Jonathan was talking about my performance at the Shatila Social gig at the Cumberland Arms last night. I had pledged to write a poem especially for the event and to include anything people mentioned in the poem as long as they sponsored me to do so. In the end, only the redoubtable Kevin Cadwallender took me up on this offer, promising to contribute 'five shiny pounds' if I mentioned Torchwood in my poem.
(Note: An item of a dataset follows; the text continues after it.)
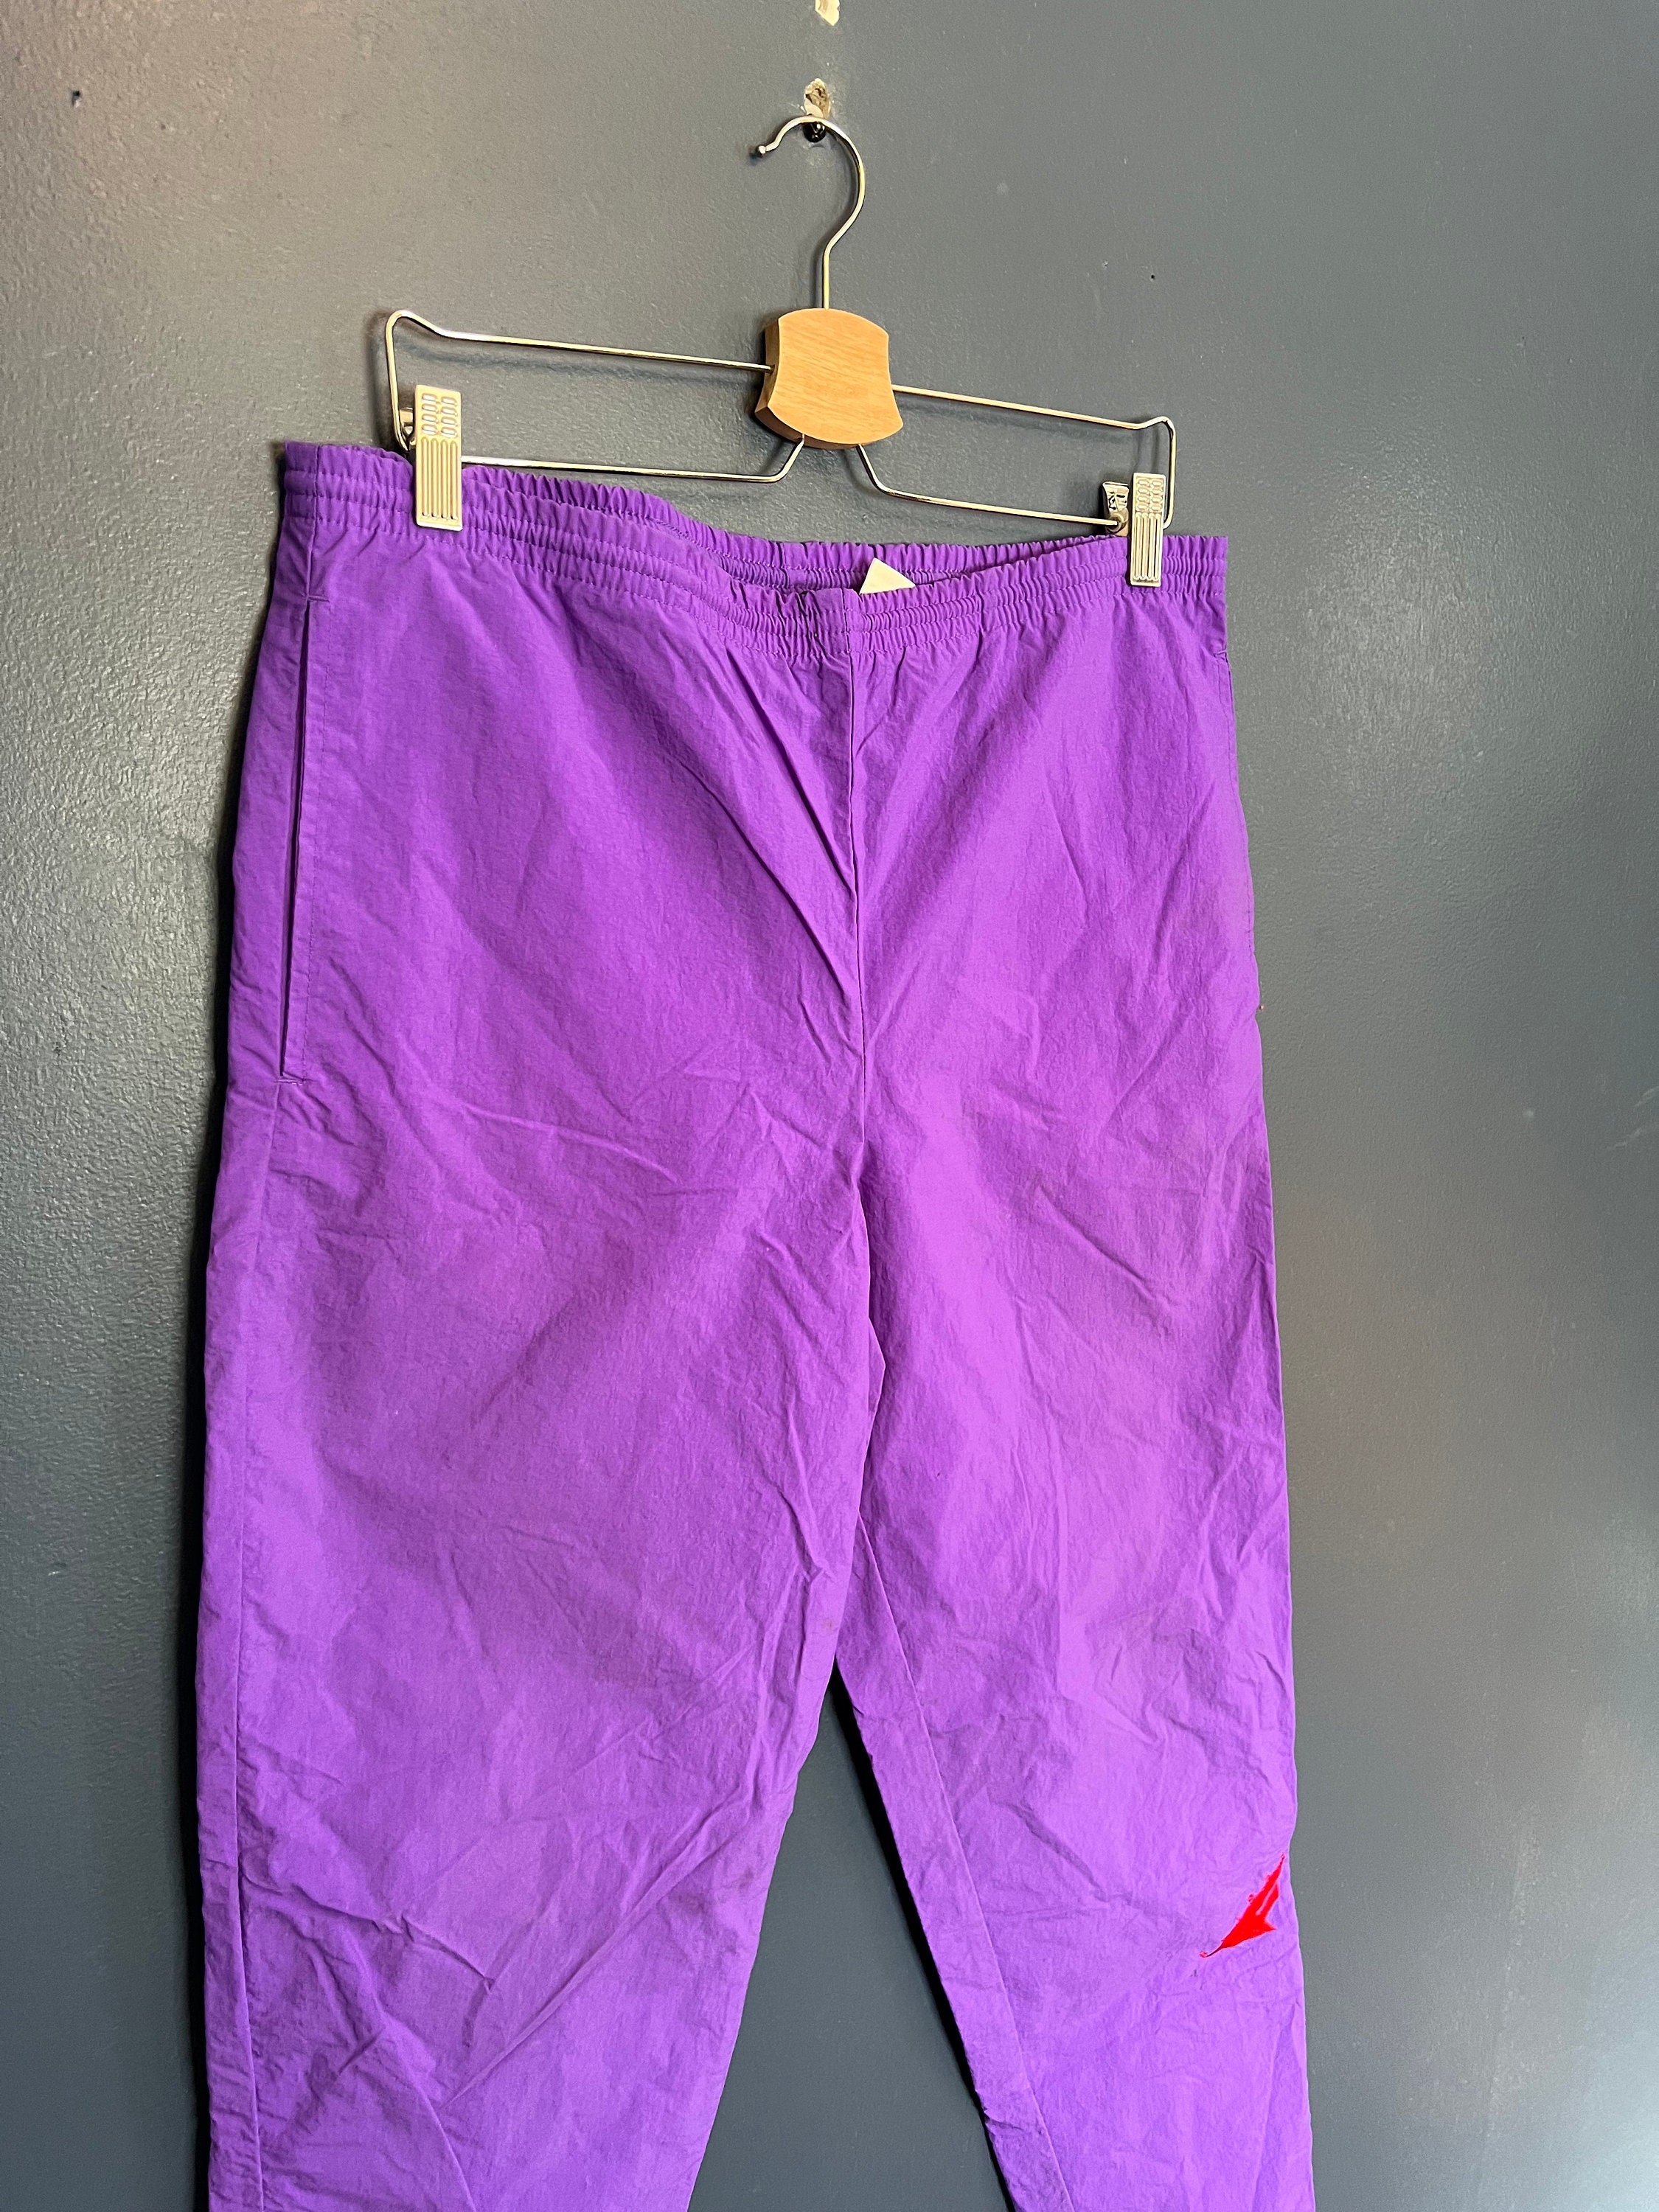 80s Track and Court Basketball Warm up Sweatshirt Pants Vintage M Purple  Pink or Blue -  Denmark

Well, Kevin, you owe Peter Mortimer five pounds:

alt.torchwood.slash

Paging through the fanfic,
pansexual Mary-Sueing, superfluous
slash: Gwen/Tosh, Rhys/Ianto:
feeling smug,envisioning

gimlet-eyed women with too many cats,
and boxes full of knitting magazines
conjuring a warmth within
that hairy-knuckled male hands
will not bring: imagining
Jack’s lips, in plasma-screen
Hi-Definition, skin glowing
in the spaceship light,
pressed against the Doctor’s,
faces meshing, black glasses askew...

Huh. Losers. Perverts. Weirdoes.

Am I different? Am I worse?
I’ve lived an imagined life of decadence
in private, casting it with
friends and workmates, colleagues, exes,
people on the street. I’ve pictured
your fist in a black leather glove,
wrapped up in, ripping at, my hair;
I’ve flinched, half-smiling, at the thought
of your teeth snapping shut
on the soft parts of my skin:

what difference is there here but dramatis
personae
, the decision not to dream
of sex by proxy? More honest, maybe,
more direct...

but I pass you in the corridor. We talk
and I feel awkward. The fanficcers –
they have that?

Maybe at conventions.


Obviously it's not really about Torchwood, of course. It's about adult situations, or at least the imagining thereof. In this it actually formed part of a weird triptych of poems about sex in the final part of the evening. Kate Fox started it by talking about unmentionable parts of the anatomy, her partner Alfie Craigs did a long and very satisfying extended metaphor comparing poetry-writing to having sex for the first time, and I wound up forming the unappetising filling in this weird improptu sex-poetry sandwich. Obviously it's an uncomfortable situation for an uncommonly pious child of the Almighty such as myself to be in, talking about, y'know, the filthiness and that, but that wasn't why I scarpered off the stage as soon as I was finished. I was in fact afraid.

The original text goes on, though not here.